#### Problem details
Word for word, return the lines from the top of the listing to the line containing "Large Plastic Chopping", both ends included, and no others.

#### Input data
##############################

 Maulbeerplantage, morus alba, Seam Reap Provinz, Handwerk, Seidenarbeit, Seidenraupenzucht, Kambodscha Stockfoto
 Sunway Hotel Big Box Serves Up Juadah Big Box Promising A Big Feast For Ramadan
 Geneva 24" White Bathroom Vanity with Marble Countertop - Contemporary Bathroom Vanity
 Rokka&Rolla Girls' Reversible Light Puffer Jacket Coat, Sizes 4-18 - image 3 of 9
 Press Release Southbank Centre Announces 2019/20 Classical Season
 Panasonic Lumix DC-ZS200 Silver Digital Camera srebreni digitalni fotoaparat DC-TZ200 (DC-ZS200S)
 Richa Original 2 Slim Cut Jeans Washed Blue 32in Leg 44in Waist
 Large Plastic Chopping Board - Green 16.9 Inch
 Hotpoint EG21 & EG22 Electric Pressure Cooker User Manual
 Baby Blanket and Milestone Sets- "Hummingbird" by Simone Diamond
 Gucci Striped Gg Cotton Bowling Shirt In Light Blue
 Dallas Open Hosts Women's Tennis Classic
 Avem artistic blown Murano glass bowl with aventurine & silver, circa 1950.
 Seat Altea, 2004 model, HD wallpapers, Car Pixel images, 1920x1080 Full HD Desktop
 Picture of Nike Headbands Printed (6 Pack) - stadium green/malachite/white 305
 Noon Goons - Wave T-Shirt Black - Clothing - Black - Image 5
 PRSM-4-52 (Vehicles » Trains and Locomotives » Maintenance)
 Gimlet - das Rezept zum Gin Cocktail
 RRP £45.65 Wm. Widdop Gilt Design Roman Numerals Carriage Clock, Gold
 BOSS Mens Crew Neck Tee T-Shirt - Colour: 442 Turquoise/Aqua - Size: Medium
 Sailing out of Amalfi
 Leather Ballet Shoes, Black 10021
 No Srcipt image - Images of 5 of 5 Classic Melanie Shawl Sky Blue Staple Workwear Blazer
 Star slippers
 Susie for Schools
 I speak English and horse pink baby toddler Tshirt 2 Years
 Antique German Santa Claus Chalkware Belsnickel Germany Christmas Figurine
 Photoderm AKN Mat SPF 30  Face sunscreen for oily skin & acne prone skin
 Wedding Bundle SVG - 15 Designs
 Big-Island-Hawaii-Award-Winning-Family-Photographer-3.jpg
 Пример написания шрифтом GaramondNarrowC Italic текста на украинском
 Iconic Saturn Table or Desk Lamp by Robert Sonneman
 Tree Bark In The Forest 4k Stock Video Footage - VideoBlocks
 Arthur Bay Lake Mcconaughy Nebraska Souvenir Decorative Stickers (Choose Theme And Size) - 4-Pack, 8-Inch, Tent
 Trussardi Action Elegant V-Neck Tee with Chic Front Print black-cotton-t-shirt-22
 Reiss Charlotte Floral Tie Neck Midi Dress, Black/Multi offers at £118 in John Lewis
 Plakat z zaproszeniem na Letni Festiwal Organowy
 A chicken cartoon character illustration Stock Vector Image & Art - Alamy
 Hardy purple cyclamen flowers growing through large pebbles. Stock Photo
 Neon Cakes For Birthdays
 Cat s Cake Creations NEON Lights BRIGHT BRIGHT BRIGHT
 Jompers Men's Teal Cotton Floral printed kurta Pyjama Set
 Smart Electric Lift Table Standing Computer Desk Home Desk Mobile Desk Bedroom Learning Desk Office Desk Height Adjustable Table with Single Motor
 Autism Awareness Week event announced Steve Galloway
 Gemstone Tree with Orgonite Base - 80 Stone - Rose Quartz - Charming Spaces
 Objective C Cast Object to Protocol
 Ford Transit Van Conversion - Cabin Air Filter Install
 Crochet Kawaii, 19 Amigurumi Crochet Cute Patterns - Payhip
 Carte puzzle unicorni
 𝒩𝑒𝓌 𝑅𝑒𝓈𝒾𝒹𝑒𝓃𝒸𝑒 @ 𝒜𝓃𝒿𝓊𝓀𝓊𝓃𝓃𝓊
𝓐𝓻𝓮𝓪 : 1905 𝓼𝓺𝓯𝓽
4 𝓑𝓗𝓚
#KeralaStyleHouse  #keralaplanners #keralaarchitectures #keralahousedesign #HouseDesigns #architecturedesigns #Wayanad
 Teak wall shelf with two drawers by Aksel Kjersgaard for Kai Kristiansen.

##############################

#### Solved problem
 Maulbeerplantage, morus alba, Seam Reap Provinz, Handwerk, Seidenarbeit, Seidenraupenzucht, Kambodscha Stockfoto
 Sunway Hotel Big Box Serves Up Juadah Big Box Promising A Big Feast For Ramadan
 Geneva 24" White Bathroom Vanity with Marble Countertop - Contemporary Bathroom Vanity
 Rokka&Rolla Girls' Reversible Light Puffer Jacket Coat, Sizes 4-18 - image 3 of 9
 Press Release Southbank Centre Announces 2019/20 Classical Season
 Panasonic Lumix DC-ZS200 Silver Digital Camera srebreni digitalni fotoaparat DC-TZ200 (DC-ZS200S)
 Richa Original 2 Slim Cut Jeans Washed Blue 32in Leg 44in Waist
 Large Plastic Chopping Board - Green 16.9 Inch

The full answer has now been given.